Yes, of the associations you've listed I'd say that BASI is probably the best option. It offers full courses which run on a regular basis, and offers progression from Level 1 through to Level 3 qualifications. In my experience the Adaptive Trainers are excellent, and off-snow politics certainly won't affect the quality of the on-snow experience (it never has done in my experience).

I did the Adaptive L1 at Hemel and thoroughly enjoyed the course. It had way more "book learning" than any of the courses I've done as you need to develop an awareness of a fairly wide range of disabilities and the adaptions necessary to teach disabled people to ski. Your experience so far sounds like it will help a lot with this. I don't think there is a single correct answer for Alpine L1 first, or Adaptive L1 first as it will depend a lot on your experience and skills. I think you need to be a fairly strong and accurate skier for a lot of the Adaptive course, as things like bucketing a sit-ski takes skill, practice and a fair amount of effort. You also need to develop an appreciation of teaching methodologies, as, for example, teaching a 4-track skier to move from plough to plough-parallel to parallel is going to follow a very similar path to any skier's development. My instinct is to say Alpine first, then Adaptive. This will ensure your personal skiing is at the level and gives you an understanding of the progression typically used for taking a skier from never-ever to first parallel turns.
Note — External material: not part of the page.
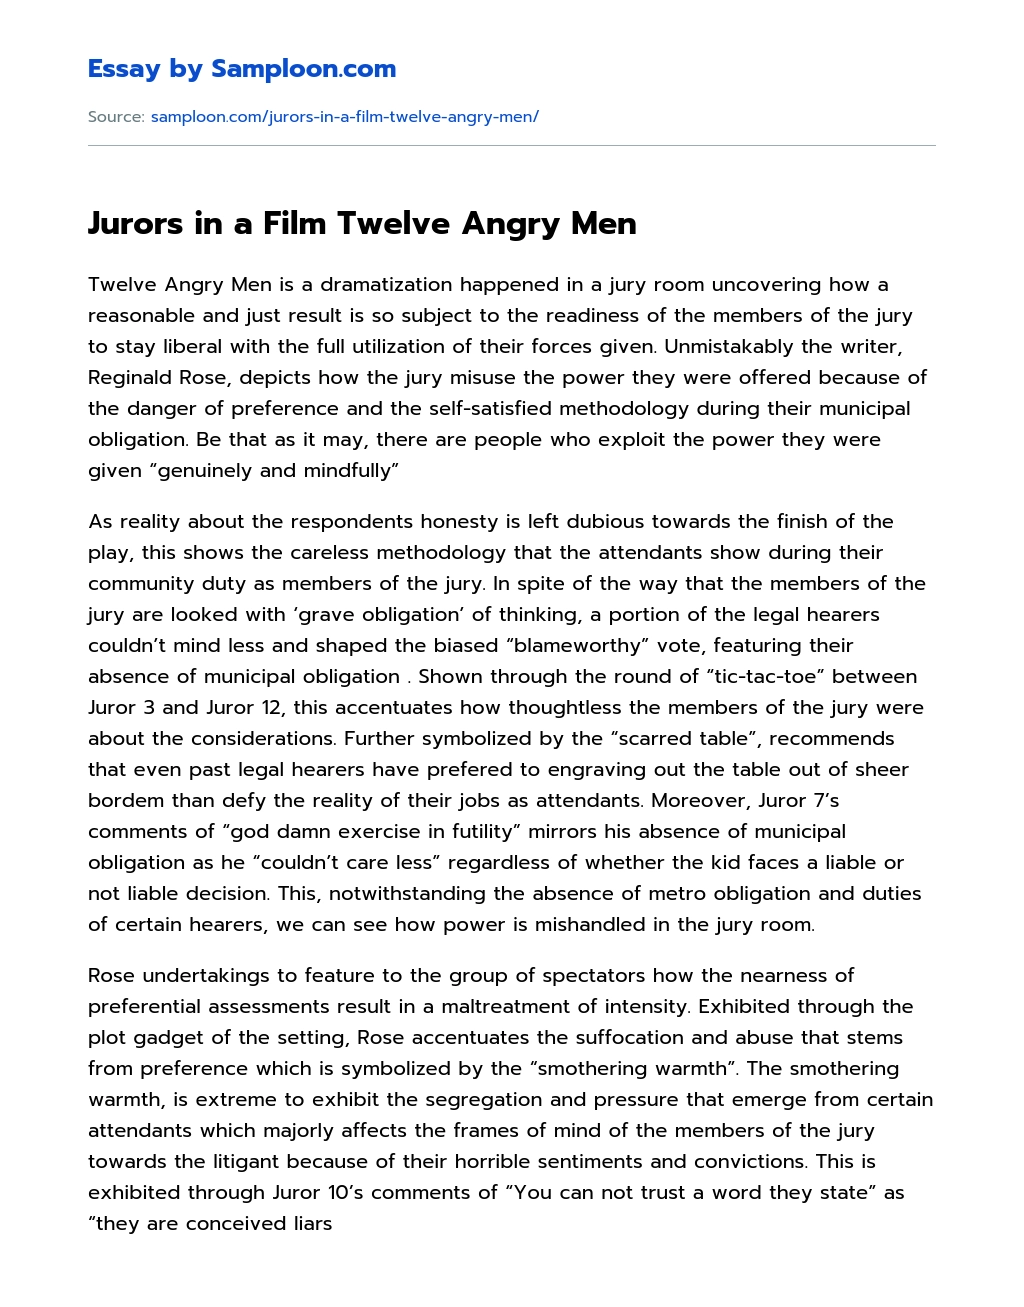 Jurors in a Film Twelve Angry Men essay
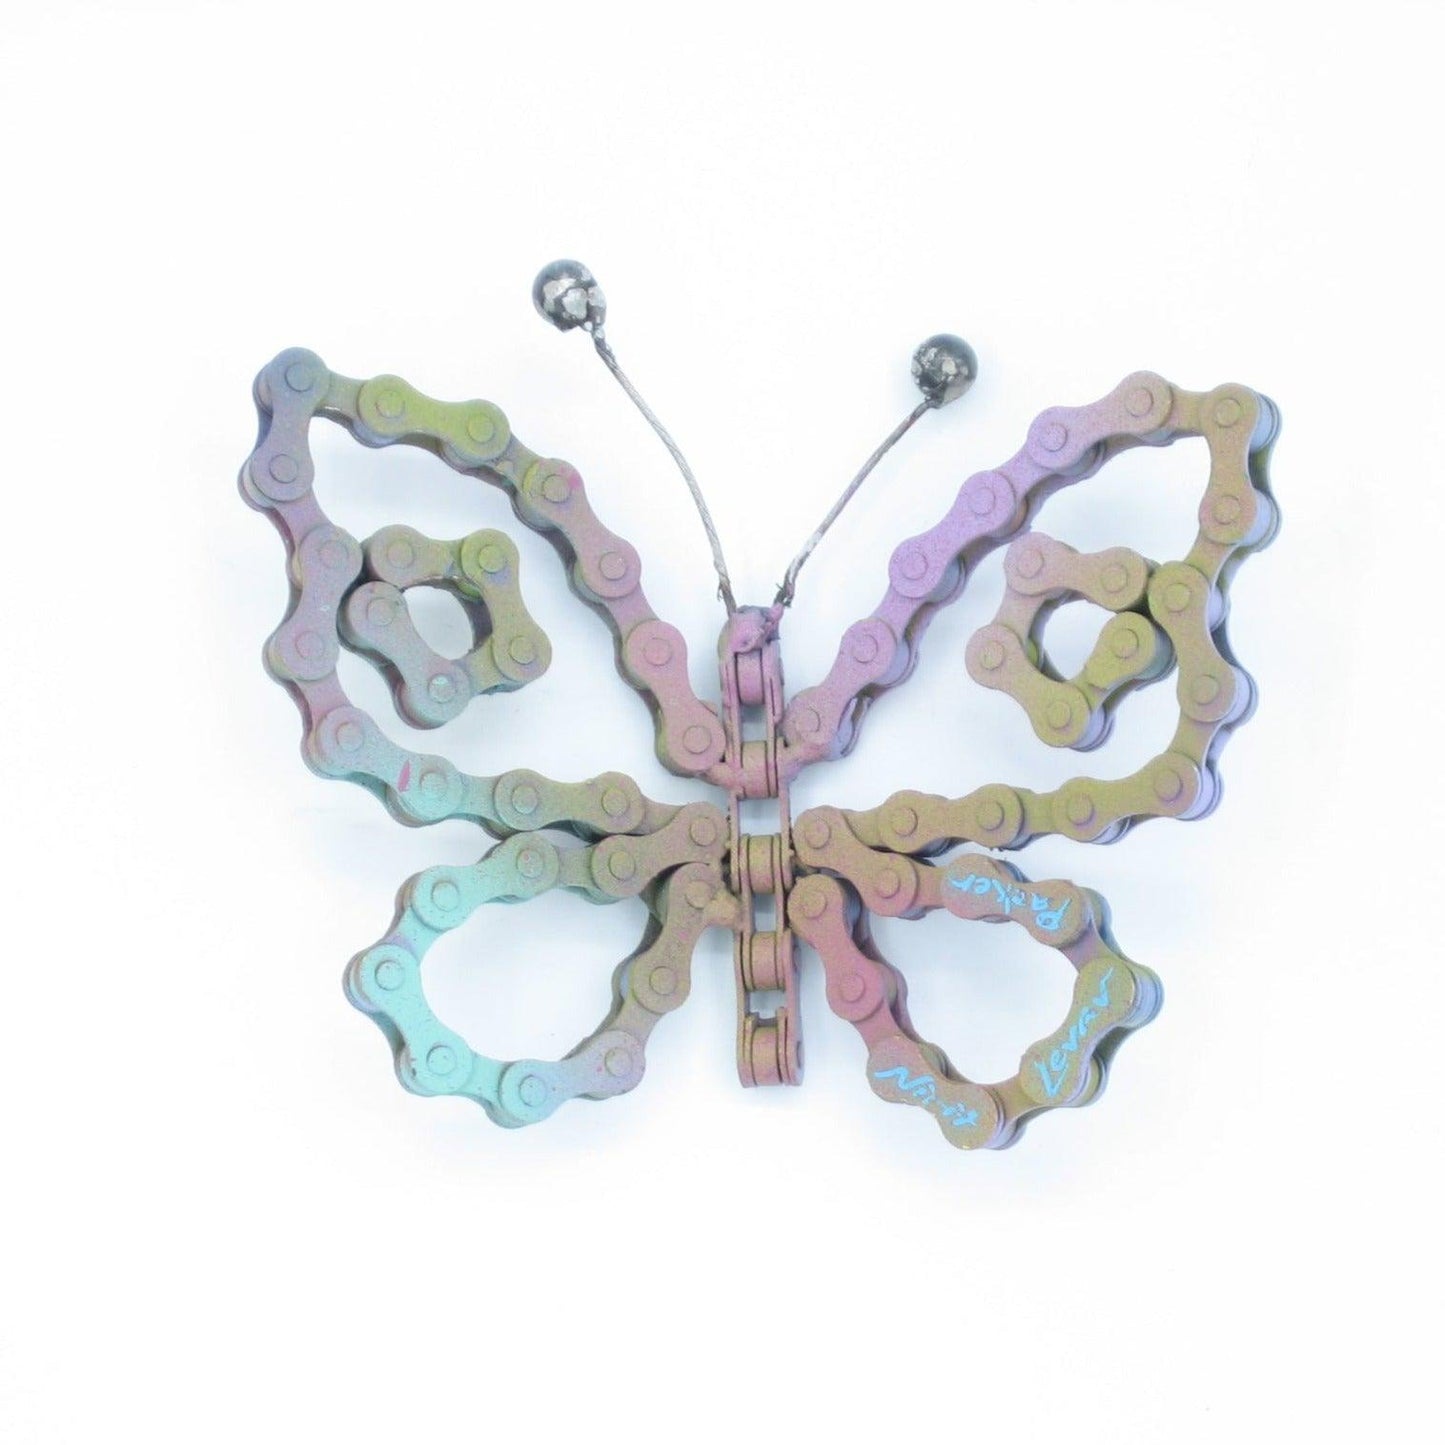 Butterfly Sculpture | UNCHAINED by NIRIT LEVAV PACKER

However, if your have done any skiing with disabled skiers, perhaps as a complement to your work with JST, you might be confident that your personal skiing is strong enough and you already have an insight in to the teaching process then going straight for the Adaptive L1 might be an option. Maybe the bets advice is to contact the BASI office and ask if you can email an Adaptive Trainer for their advice.

Good luck with it!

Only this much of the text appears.